Matt Leighninger had this information in The Fulcrum. Here is an excerpt:
People are more likely to place the blame for polarization on their leaders and systems of government. Most Americans (77 percent) think the inability to constructively disagree in the United States is driven from the top down. “Many politicians are artificially dividing society,” agreed former Irish Prime Minister John Bruton in one of our recent webinars on Global Learning on Democratic Innovation, organized with Club de Madrid and Participedia. Part of the problem, Bruton pointed out, is the use of political strategies based on exploiting wedge issues. Another part, he added, is that “very few people support institutions in which they have no say.”
Our human capacity for compromise is impeded by the challenge of scale – the fact that bridge-building must occur across a nation that has been sorted into homogeneous clusters, geographically and online. It is also limited by the structure of our political systems today, which promotes conflict, even at levels closest to home, rather than providing ways to address it. And it is complicated, in America and other countries as well, by the persistence of racism.

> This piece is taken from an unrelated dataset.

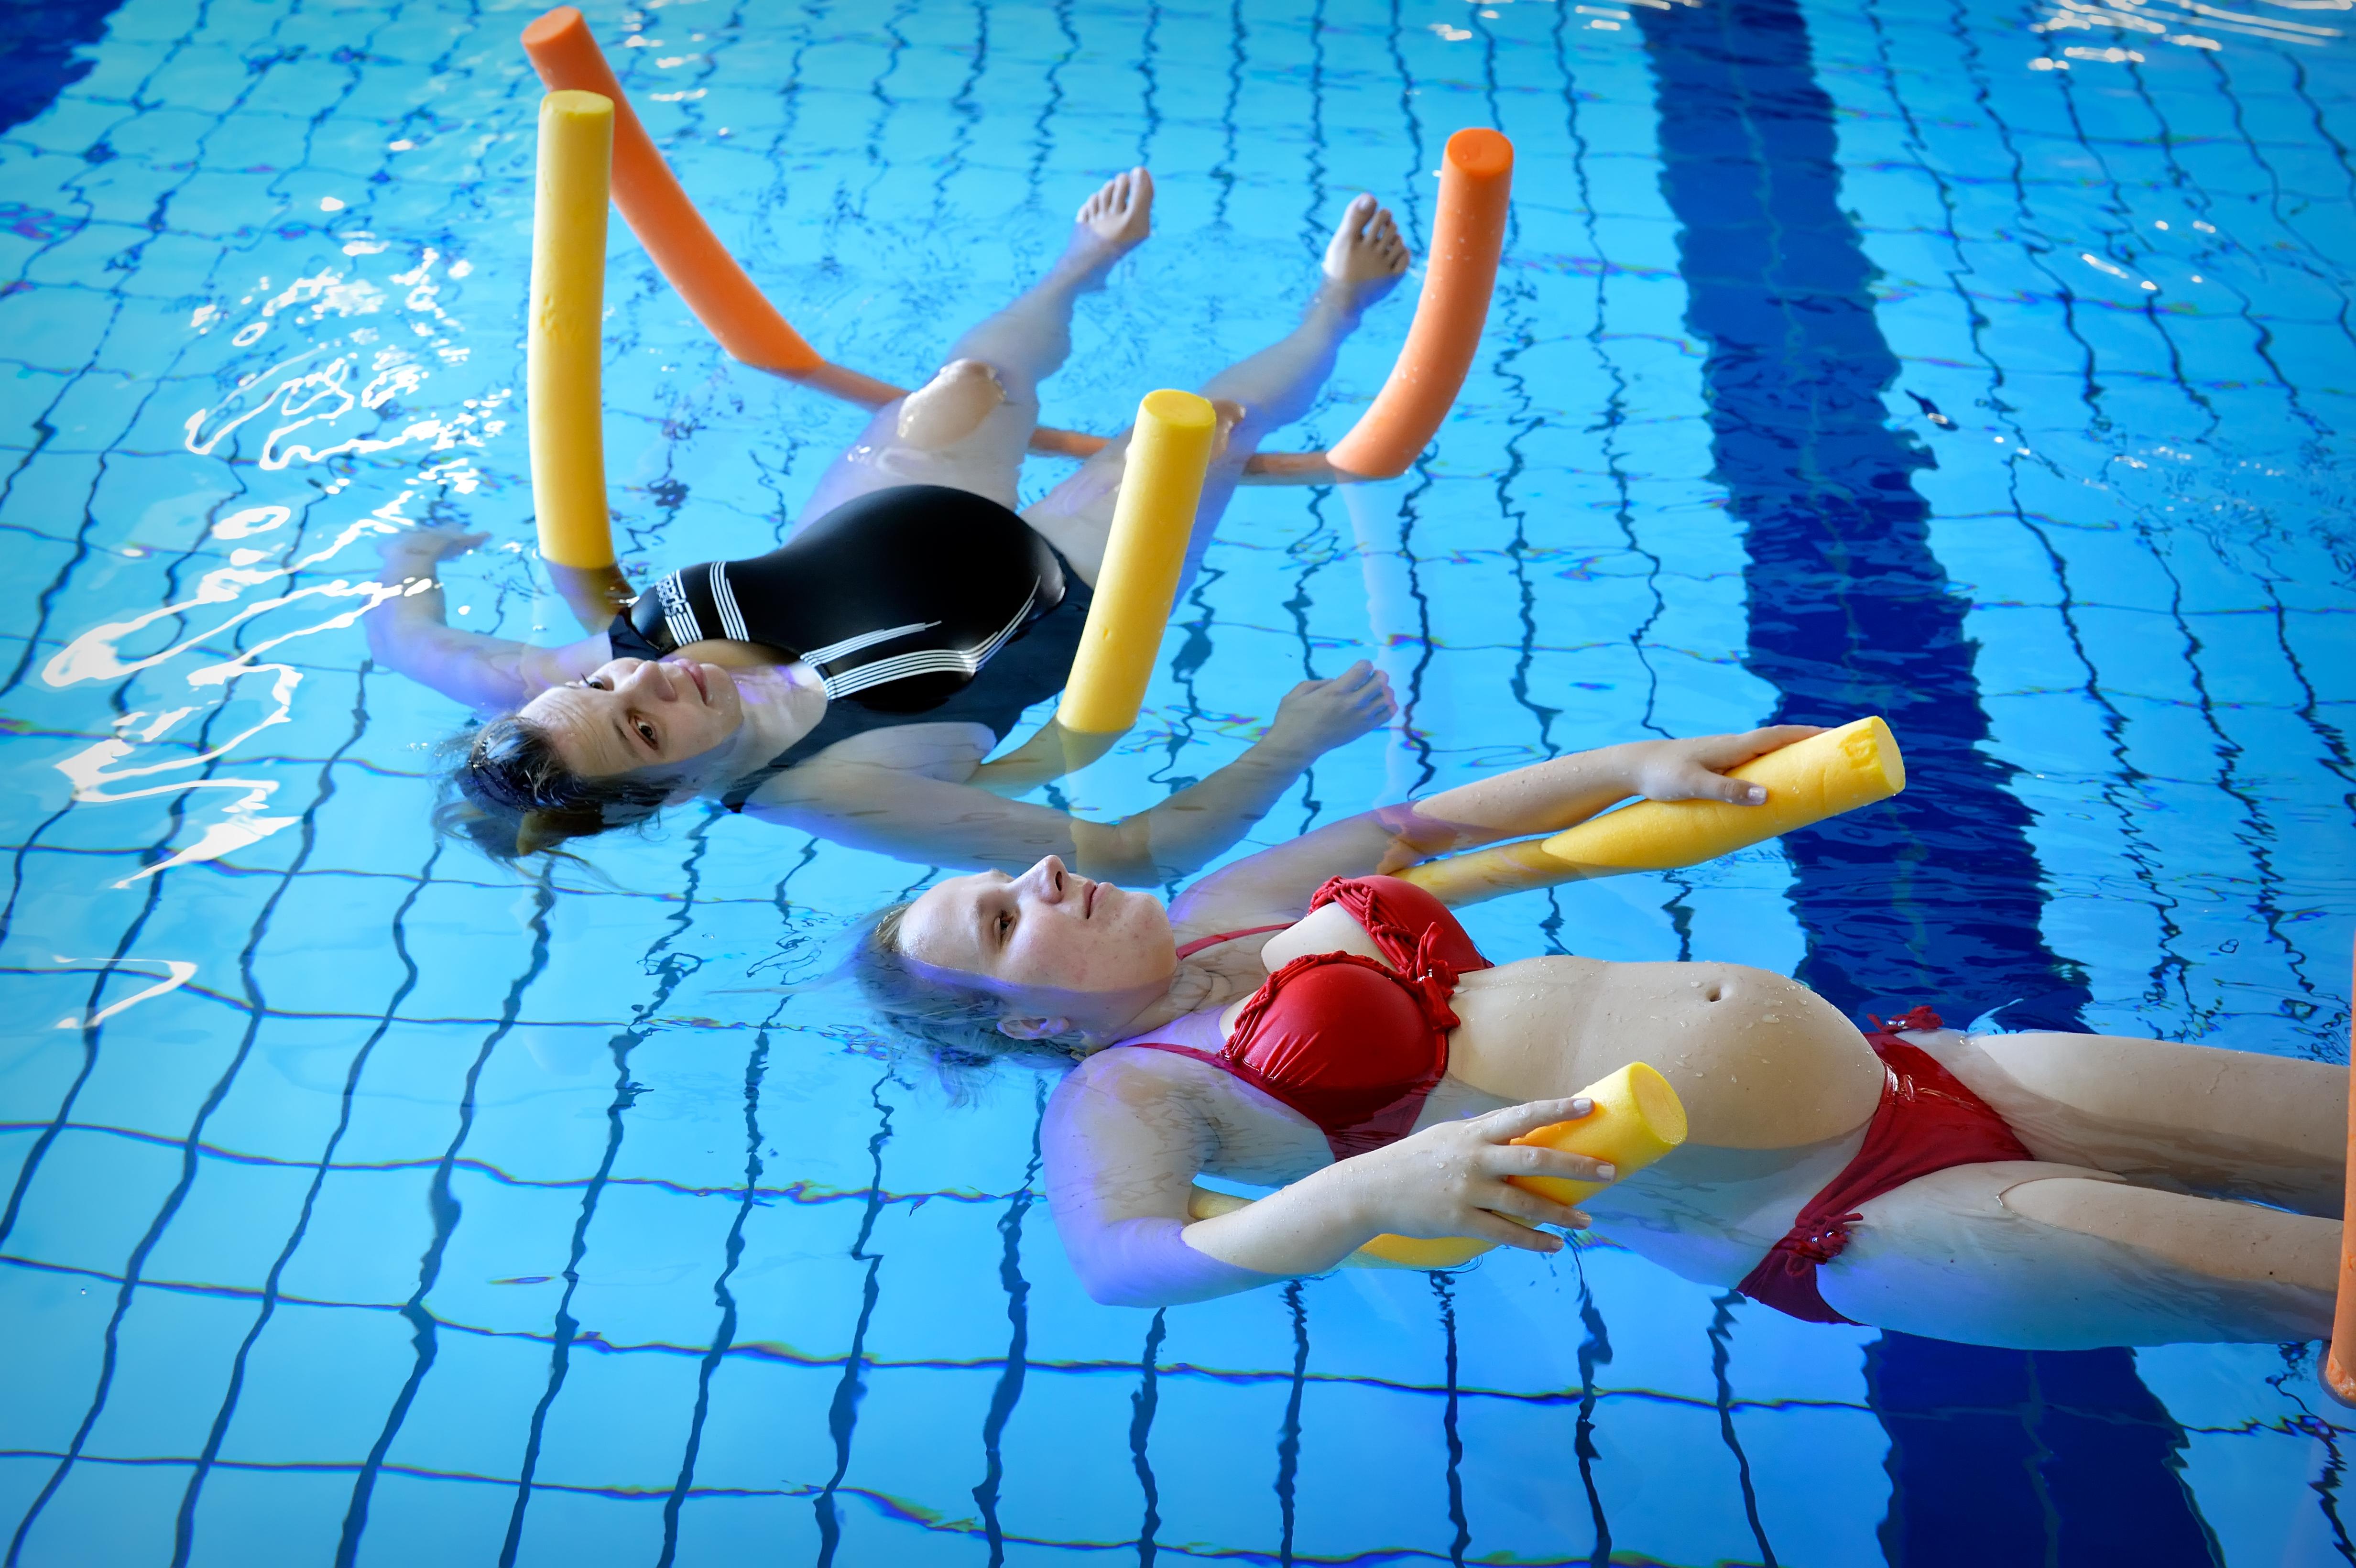 Zwangerschapszwemmen. (Foto: aangeleverd)

To address the divisions in our societies, three kinds of democratic innovations have emerged: 1) local efforts to bring people together, 2) national or even multinational initiatives that use technology to try to build bridges at scale, and 3) changes in governance processes that try to make bridge-building and collaboration among citizens a regular part of public decision-making. The first two types take the form of activities or initiatives, while the third is more structural. The success of these three kinds of innovations probably relies on the extent to which they are able to build on and support one another.